* _The task_
Each line of the data below between the one containing "Baner profilu użytkownika Minhazul Abedin" and the one containing "Holztablett auf vier", both included, is to be repeated exactly. Please omit pictures.

* _Recorded data_
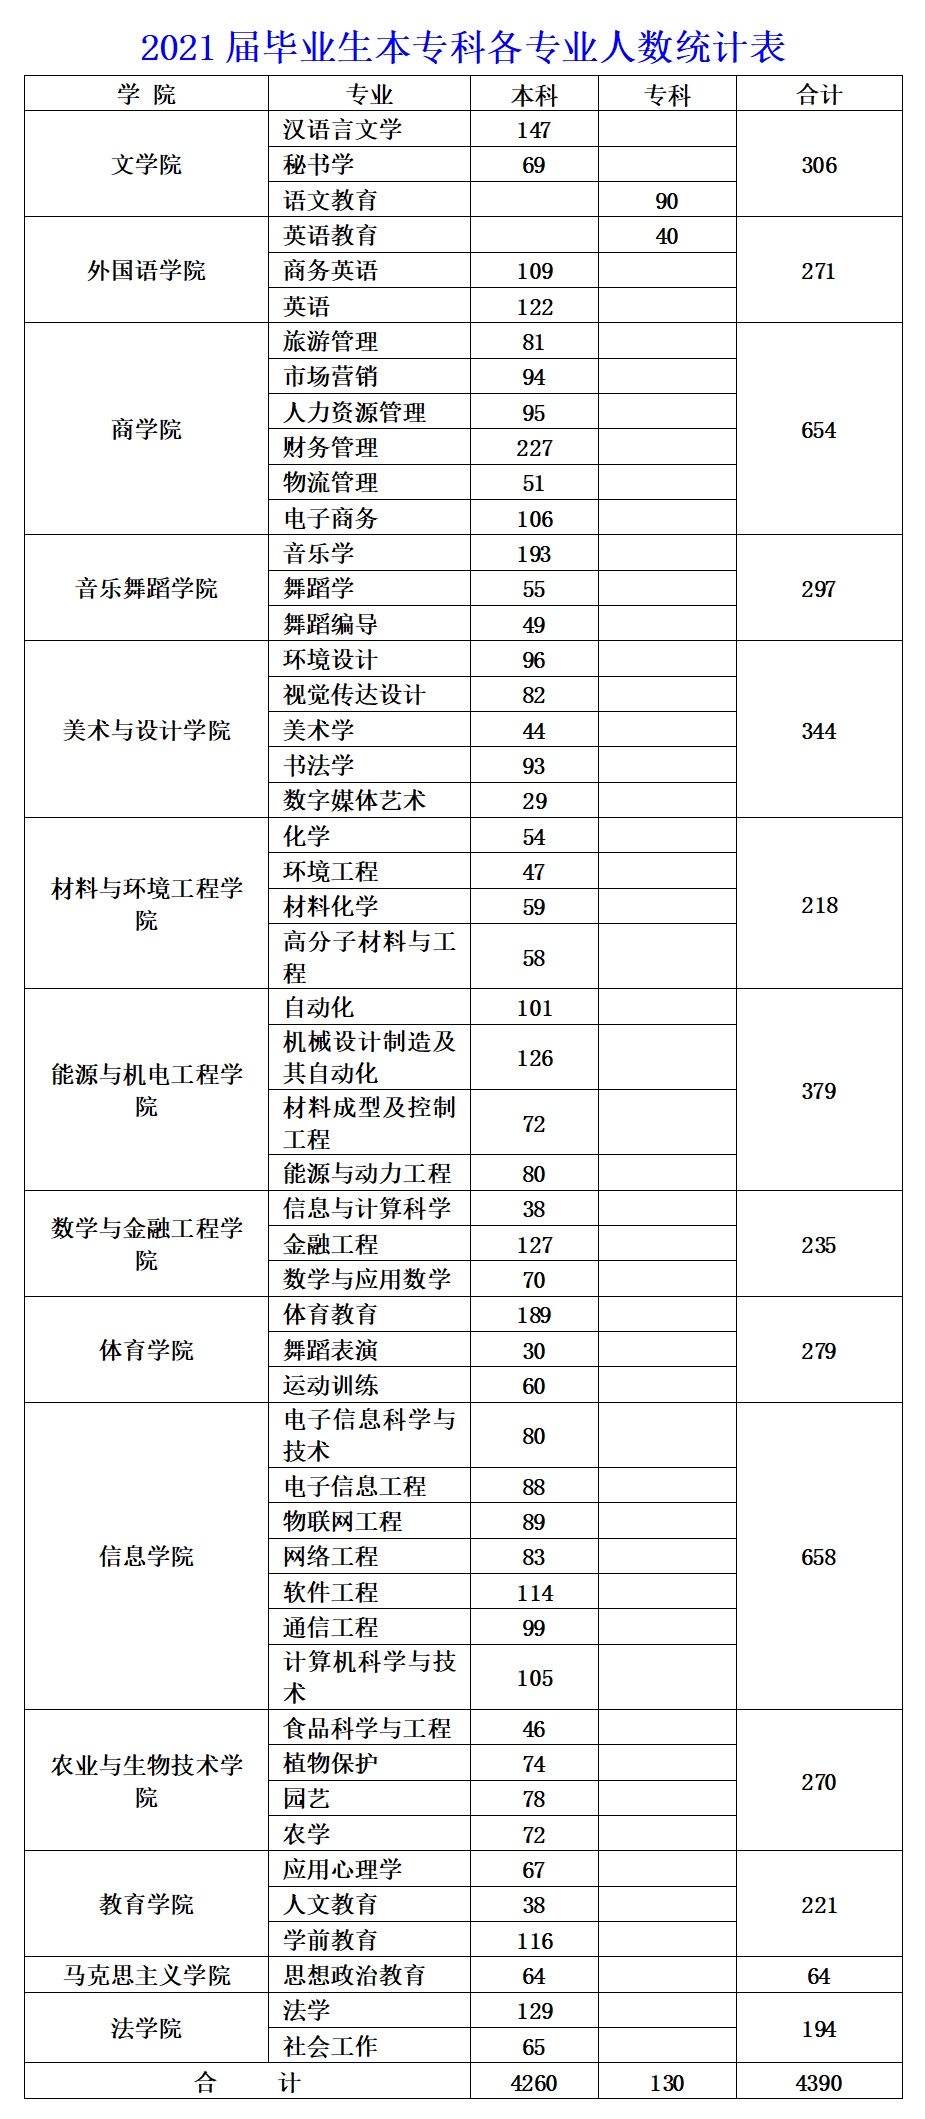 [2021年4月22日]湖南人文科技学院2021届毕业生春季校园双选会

--

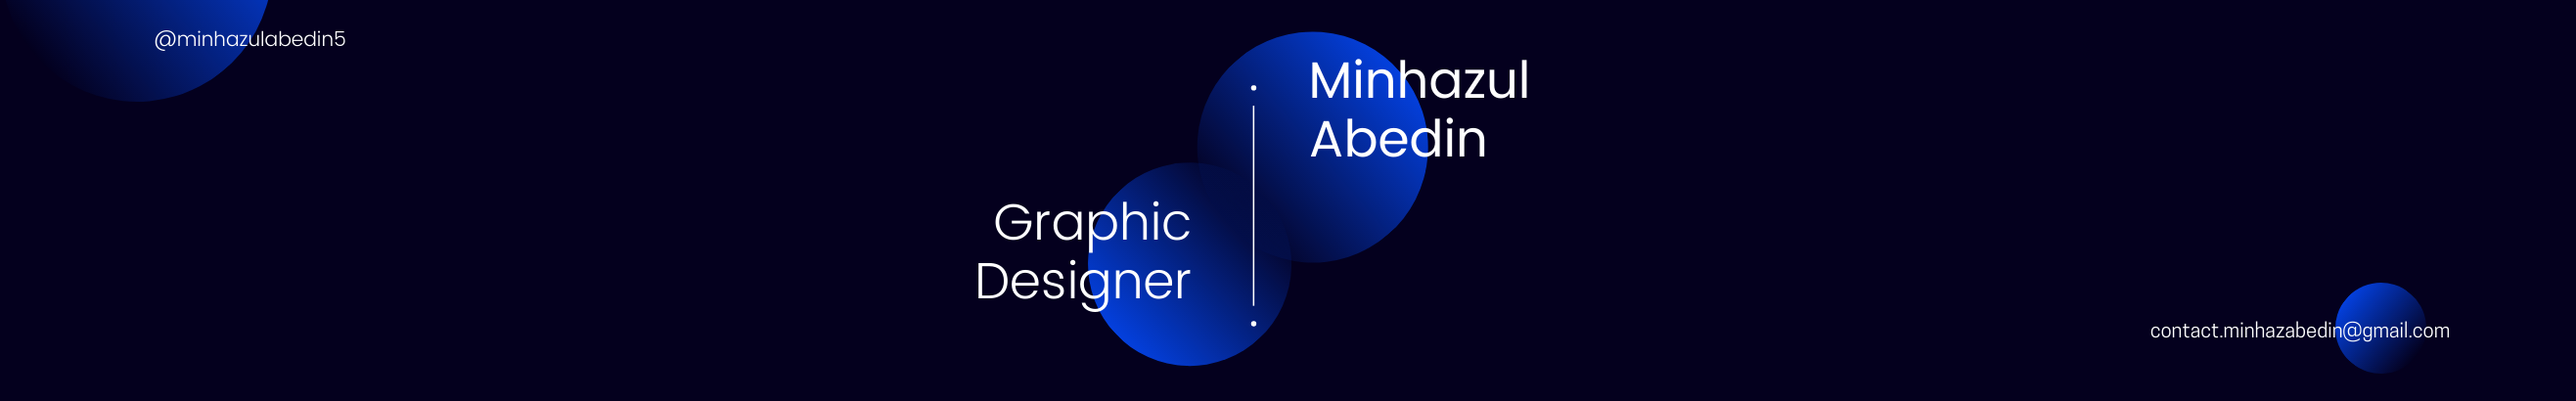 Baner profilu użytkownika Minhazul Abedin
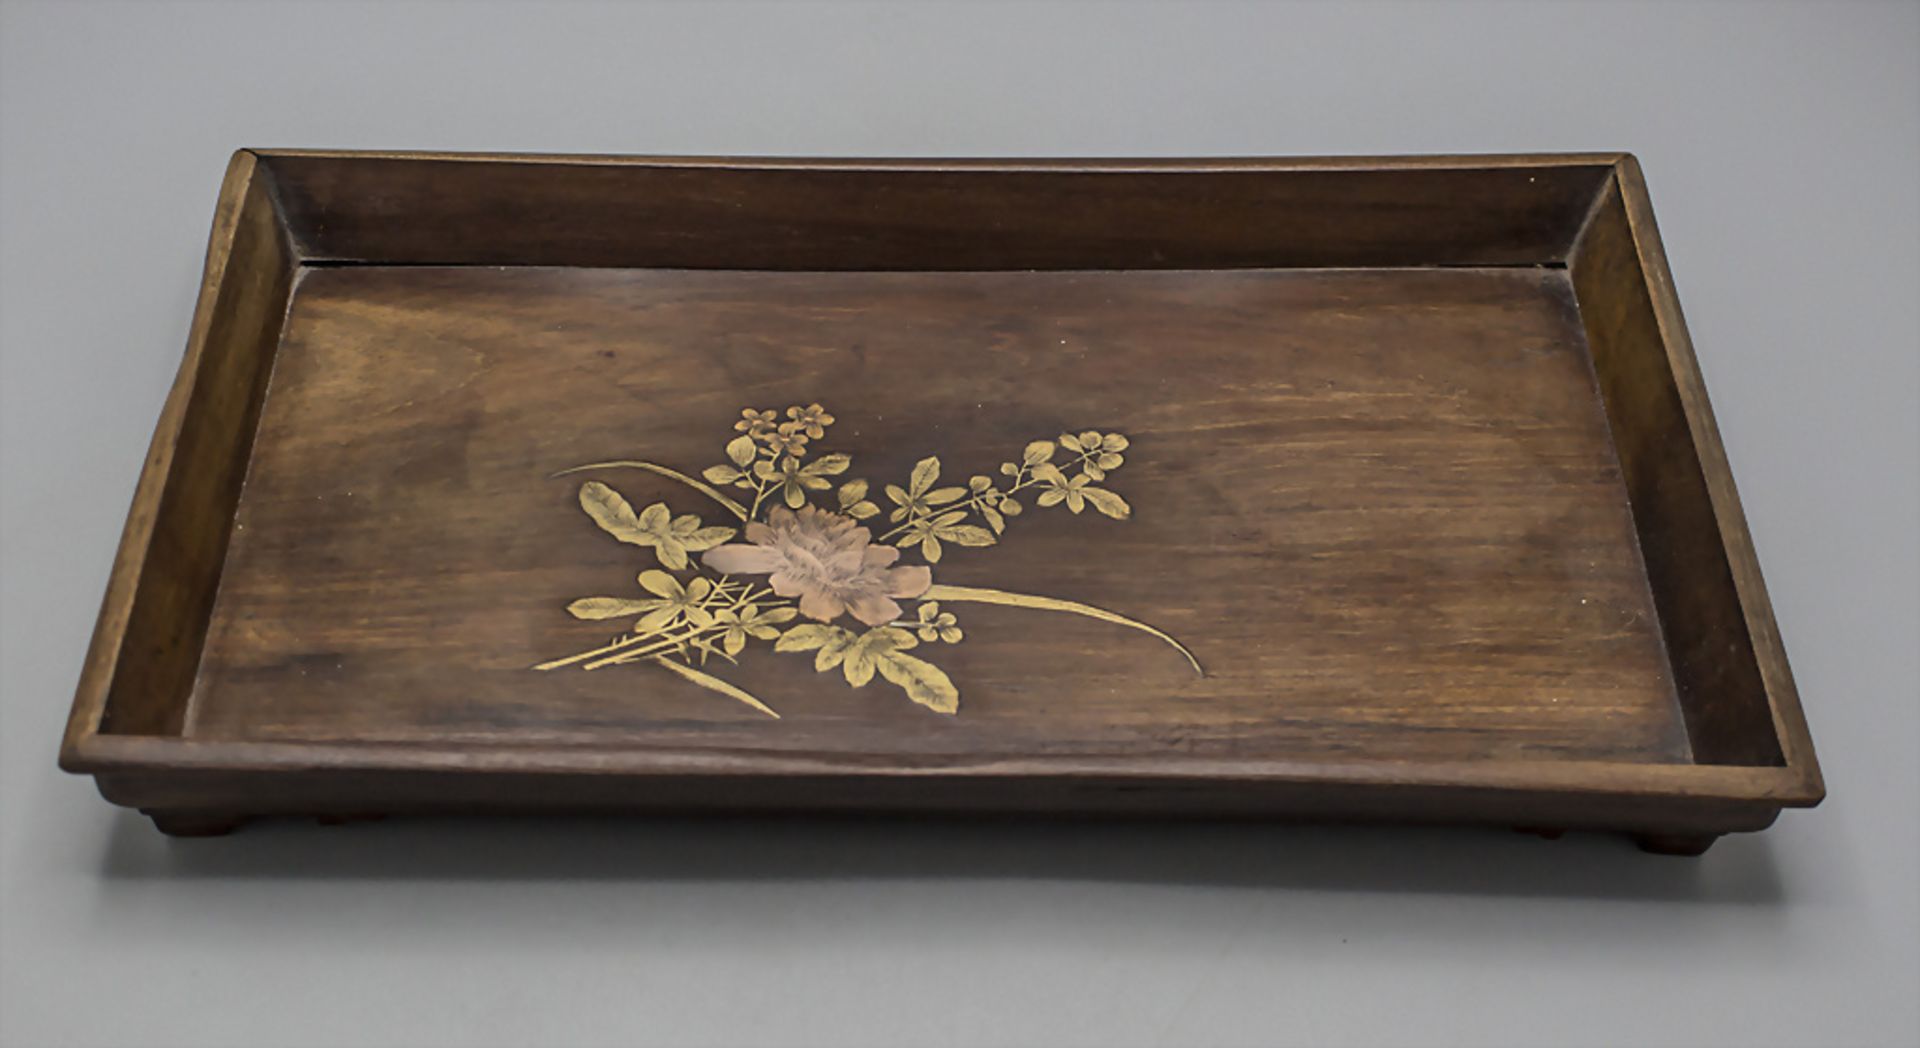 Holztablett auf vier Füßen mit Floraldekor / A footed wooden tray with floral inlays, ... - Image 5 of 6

* _Answer to the problem_
 Baner profilu użytkownika Minhazul Abedin
 Holztablett auf vier Füßen mit Floraldekor / A footed wooden tray with floral inlays, ... - Image 5 of 6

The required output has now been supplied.